Ol Jogi est l’une des quelques soixante « réserves » privées du Kenya. Située sur des terres utilisées par les éleveurs massaï et samburu, une grande partie du territoire autour de Nanyuki a été prise aux éleveurs et donnée par le Royaume-Uni aux colons après 1920, lorsque le Kenya est devenu une colonie britannique. Dans les années 1990, alors que l’agriculture s’avérait moins rentable, nombre de ces ranchs ont été transformés en « réserve » avec l’aide de l’ONG américaine The Nature Conservancy.
Ol Jogi a été l’un des nombreux à construire des logements de luxe et une piste d’atterrissage pour faire venir les touristes directement de l’aéroport international de Nairobi. Le séjour minimum coûte 34.200 dollars pour voir une image de “l’Afrique sauvage” qui est en partie artificielle.
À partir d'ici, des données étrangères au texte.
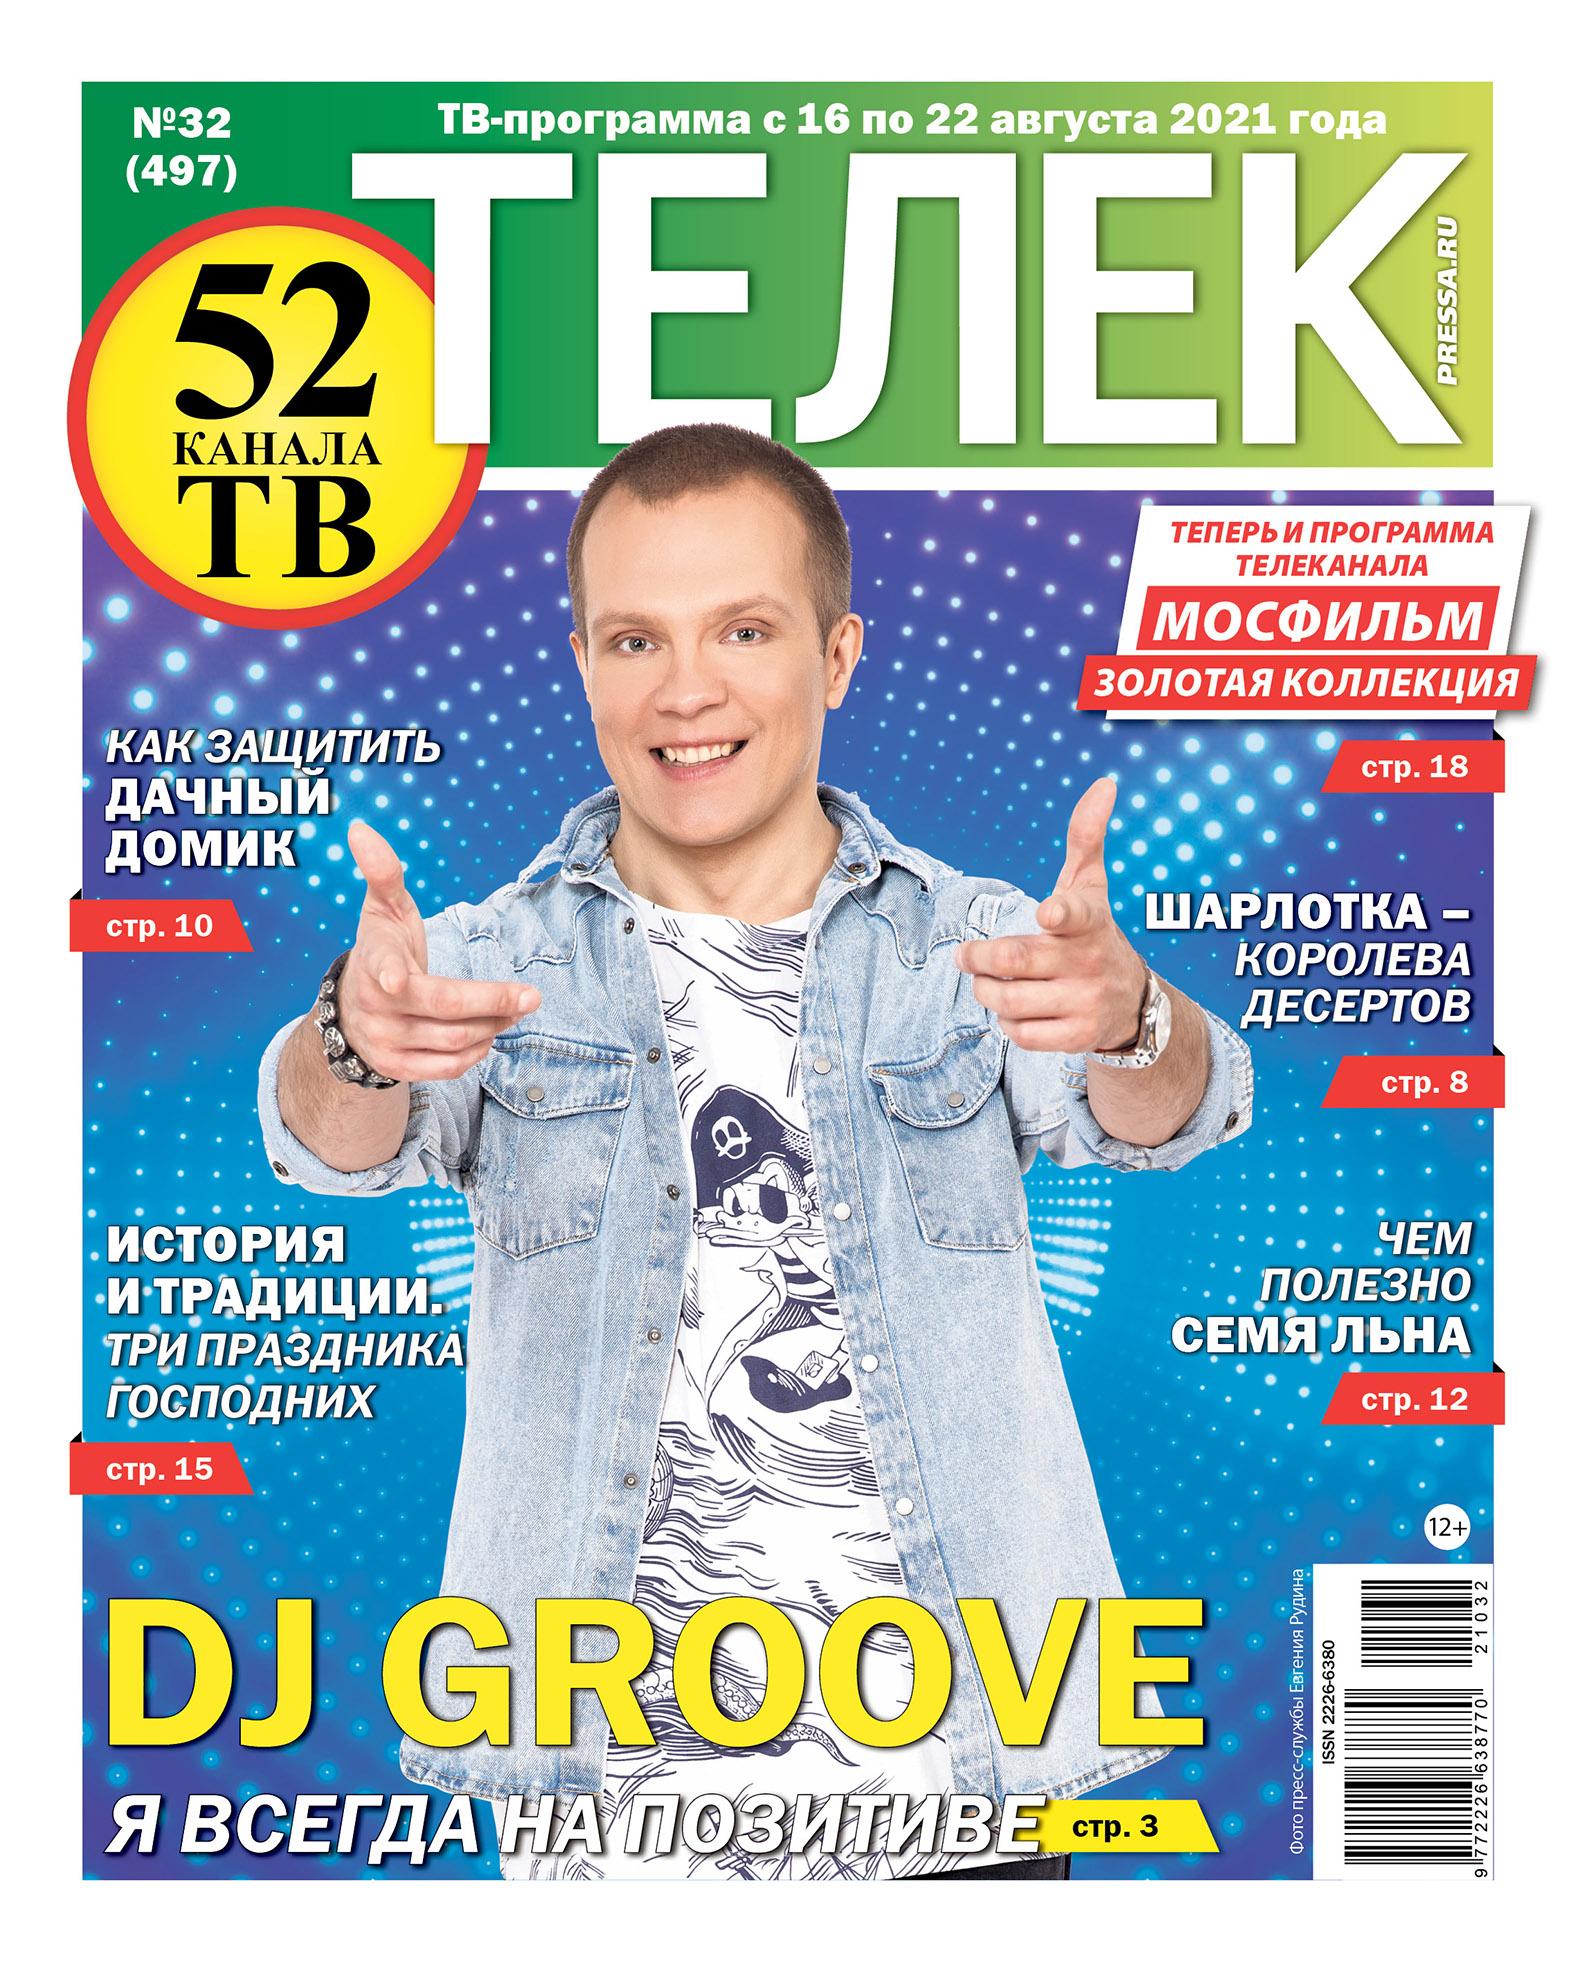 №32 (497) DJ GROOVE

De nombreux animaux, dont les rhinocéros, ont été amenés d’autres régions, notamment d’Afrique du Sud. Ol Jogi est soutenu par Save the Rhino International.
Ol Jogi était la propriété du milliardaire français et chasseur de gros gibier Alec Wildenstein, décédé en 2008. La famille a été acquittée de fraude fiscale et de blanchiment d’argent en France dix ans plus tard. La propriété appartient désormais à son fils, Alec Jr.
La seule base africaine de l’armée britannique se trouve à 30 km de là. Elle forme des écogardes au travail « anti-braconnage ». Lorsqu’il était ministre des Affaires étrangères, Boris Johnson a visité la base en mars 2017. Le logement où le prince William a demandé Kate en mariage se trouve à environ 65 km d’Ol Jogi.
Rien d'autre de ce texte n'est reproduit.